# Intel Pentium D motherboard not compatible with Win98



## Lattman (Oct 21, 2006)

Hey guys!

I just came back from a service call, basically my customer wanted to run Win98 on his Pentium D PC. After a fresh install of Win98 I kept on getting the same error "Remove unneeded lines from Autoexec.bat and Config.sys as memory is running low". Then the computer would turn off, I could not get into Win98 even in safe mode.

Any suggestions as to what might be happening?


PS. We're also having some issue with Dos based programs getting devide by 0 error under XP with same PC.


----------



## flavallee (May 12, 2002)

With Windows 98, 98SE, and ME, you usually don't need any command lines in the AUTOEXEC.BAT and CONFIG.SYS files.

If you can't start the computer in normal Windows mode or in safe mode, start it in DOS mode. By using the commands:

*EDIT C:\AUTOEXEC.BAT

EDIT C:\CONFIG.SYS*

you should be able to edit and delete the commands in both files.

------------------------------------------------------------------------------------


----------



## Lattman (Oct 21, 2006)

With a fresh install of Win 98, there's really nothing in the autoexec.bat and config.sys files that will prevent Windows from loading..
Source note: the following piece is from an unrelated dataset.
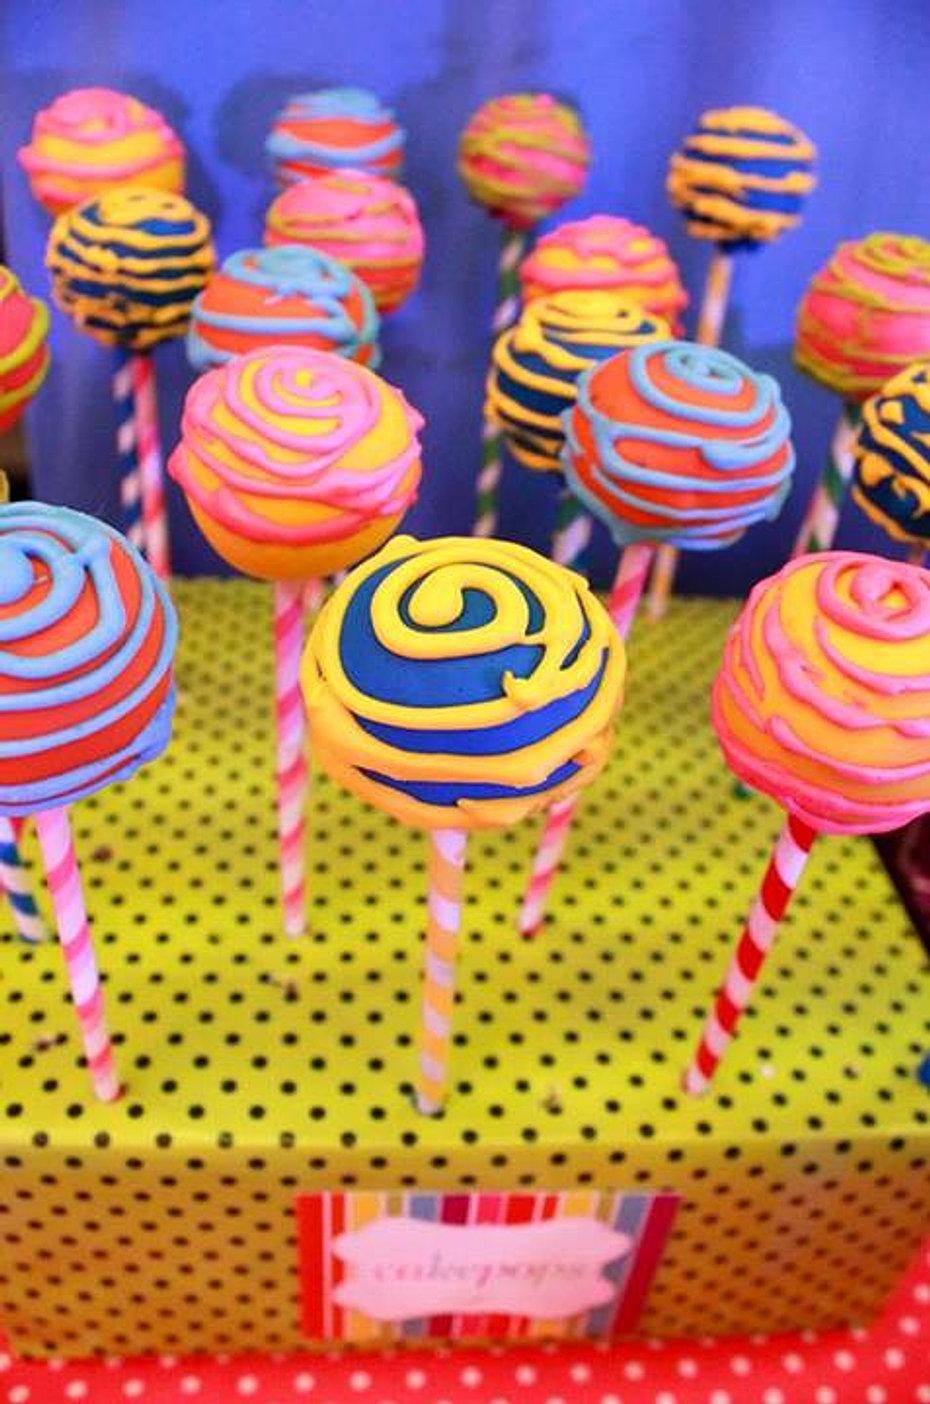 Candyland pops

I did try to rem out the couple of lines in those files with no succes...I've never seen a fresh install not load after the last reboot of install.

Are there any incompatibilites with Pentium D and Win 98?


----------



## Stoner (Oct 26, 2002)

I saved this info from an earlier discussion, perhaps it applies to your situation:


> Win 9x is theoretically capable of recognizing and using up to 2GB of physical RAM. However, because of the way it configures itself based on available RAM, it actually shoots itself in the foot when RAM goes beyond 512MB, and will not work properly at all with more than 1GB.
> 
> The workaround for systems with between 512MB and 1GB of RAM is to add (or change) the MaxFileCache setting in the [vcache] section of SYSTEM.INI to limit the amount of memory allocated to the cache manager. This is addressed in MSKB article Q253912.
> 
> For systems with more than 1GB RAM, the workaround is to add (or edit) the MaxPhysPage setting in the [386enh] section of SYSTEM.INI to limit the amount of physical RAM that Windows will actually use to 1GB or less. This is addressed in MSKB article Q304903


http://support.microsoft.com/kb/253912
KB Q304903 seems no longer available


----------



## Lattman (Oct 21, 2006)

Hi Stoner! You really saved me on this one... It's exactly what was happening!


----------